My zucchini plant WAS pumping out the zucchini factory-style until some creatures (I won’t even say what they were because…well, I don’t want to spoil your appetite) decided to invade and make my zucchini plant a home. Prior to buggies taking over, my zucchini plant yielded about 6 or 7 good-sized zucchini.
…at least my eggplant is taking off??? 🙂
Thus far this zucchini season I have made Penne and Zucchini Carbonara, Low Fat Chocolate Chip Zucchini Muffins, and Roasted Veggie Pesto Pasta Salad. When I saw Cara’s recipe for Grilled Zucchini & Goat Cheese Rollatini with Raisins & Pistachios, I knew I had to make them, too. An entree, a brekfast/snack, a side…and now an appetizer course.
My zucchini utilization is being maximized.

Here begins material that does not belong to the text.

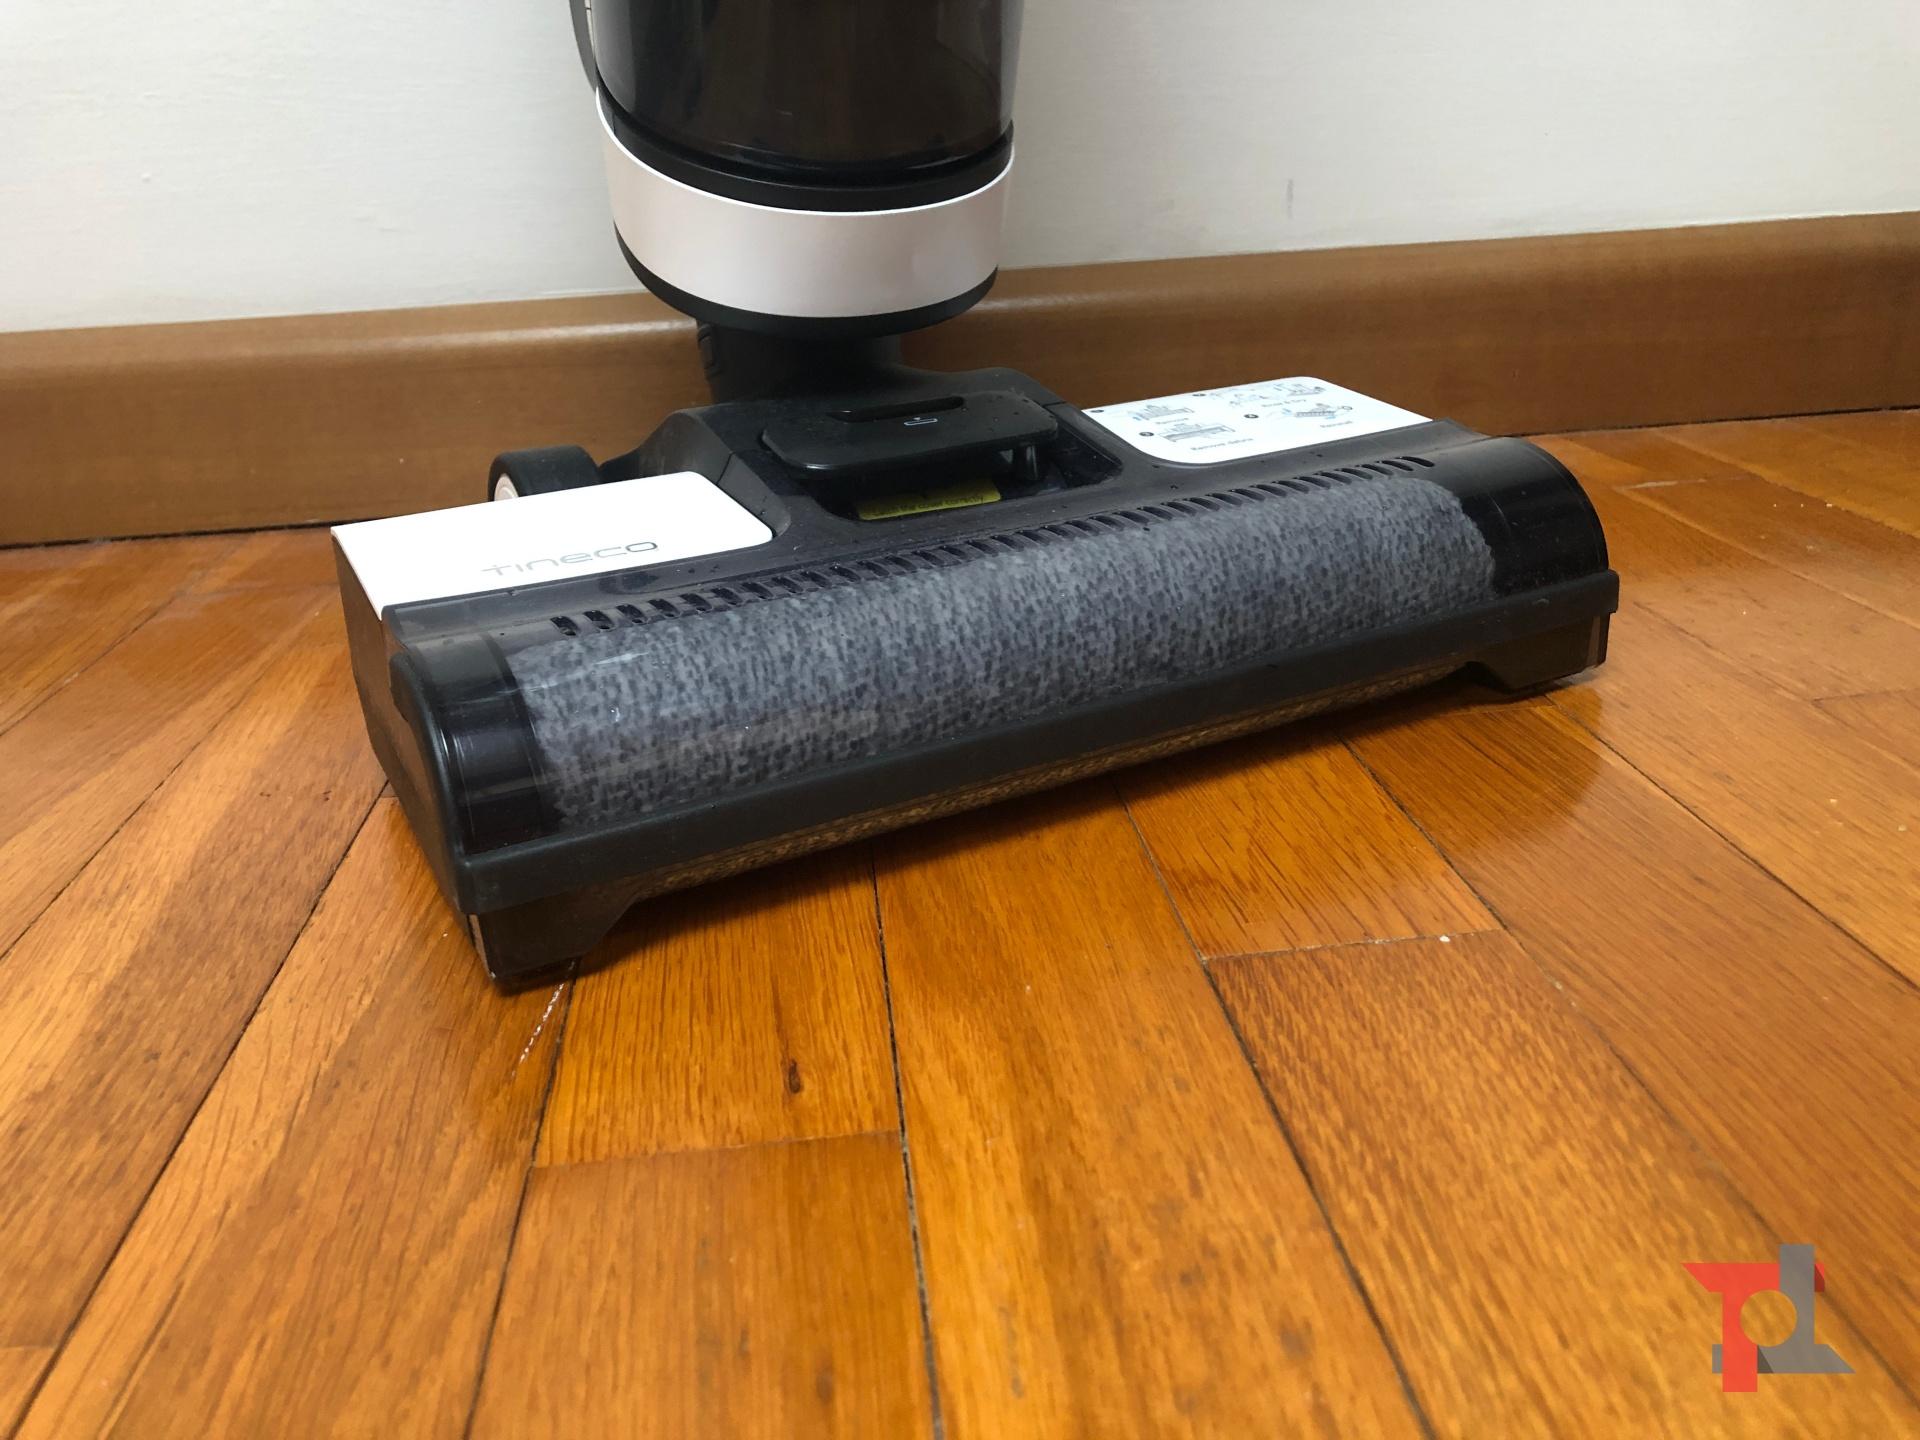 Recensione Tineco Floor One S3, un lavapavimenti con intelligenza artificiale 8
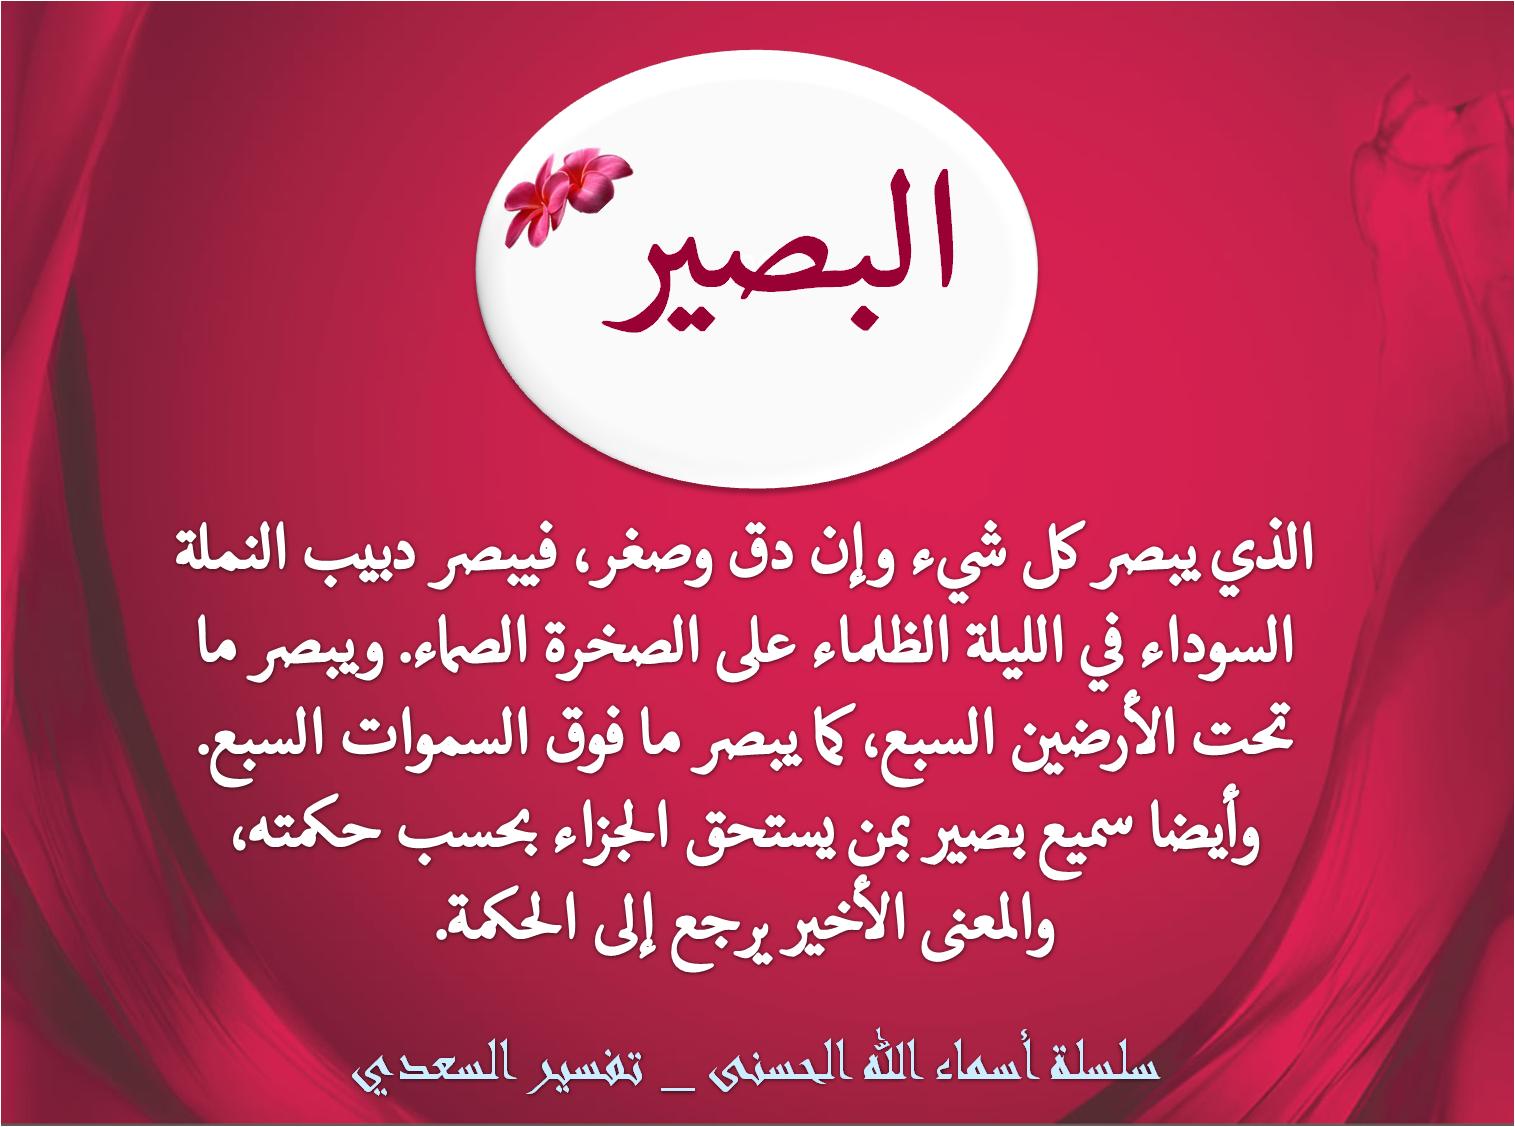 صور اسماء الله الحسني و معانيها مكتوبة علي رمزيات سوبر كايرو Neon Signs Photo Allah

While these look really impressive (they are!), they’re not difficult to make…at all. Though guests are sure to think these are a work of art and how ever did you find the time to make these?! For those that love both sweet and savory together, these will be all the more a hit. The hearty zucchini and the creamy cream cheese offer the savory while the raisins and lemon shoot back with a sweet side. The perfect balancing act in one little, cutesy rollatini. 🙂
Grilled Zucchini & Goat Cheese Rollatini with Raisins & Pistachios slightly adapted from Cara’s Cravings
1/4 cup raisins
1 large zucchini, sliced 1/8th inch thick lengthwise
Olive oil cooking spray
4 oz goat cheese, softened
1/4 cup shelled pistachios, roughly chopped
1/2 Tbsp fresh lemon juice
1 tsp lemon zest
1/2 Tbsp fresh mint, finely chopped
Fresh ground black pepper, to taste
In a small bowl, add raisins and cover with warm water. Set aside.
Preheat grill to medium. Lightly mist both sides of zucchini slices with cooking spray. Grill for about 3 minutes per side, until softened and lightly charred. Remove and let cool.
Drain raisins and roughly chop. Add raisins to a medium bowl with goat cheese, pistachios, lemon juice and zest and mint. Stir and season with pepper.
Place 1 slice zucchini on a work surface. Spread about 2 teaspoons goat cheese mixture onto zucchini, then roll up and secure with a toothpick. Repeat with remaining zucchini and goat cheese mixture. Serve chilled or at room temperature. Do not chill for more than a couple of hours. Yield: ~13 rollatini.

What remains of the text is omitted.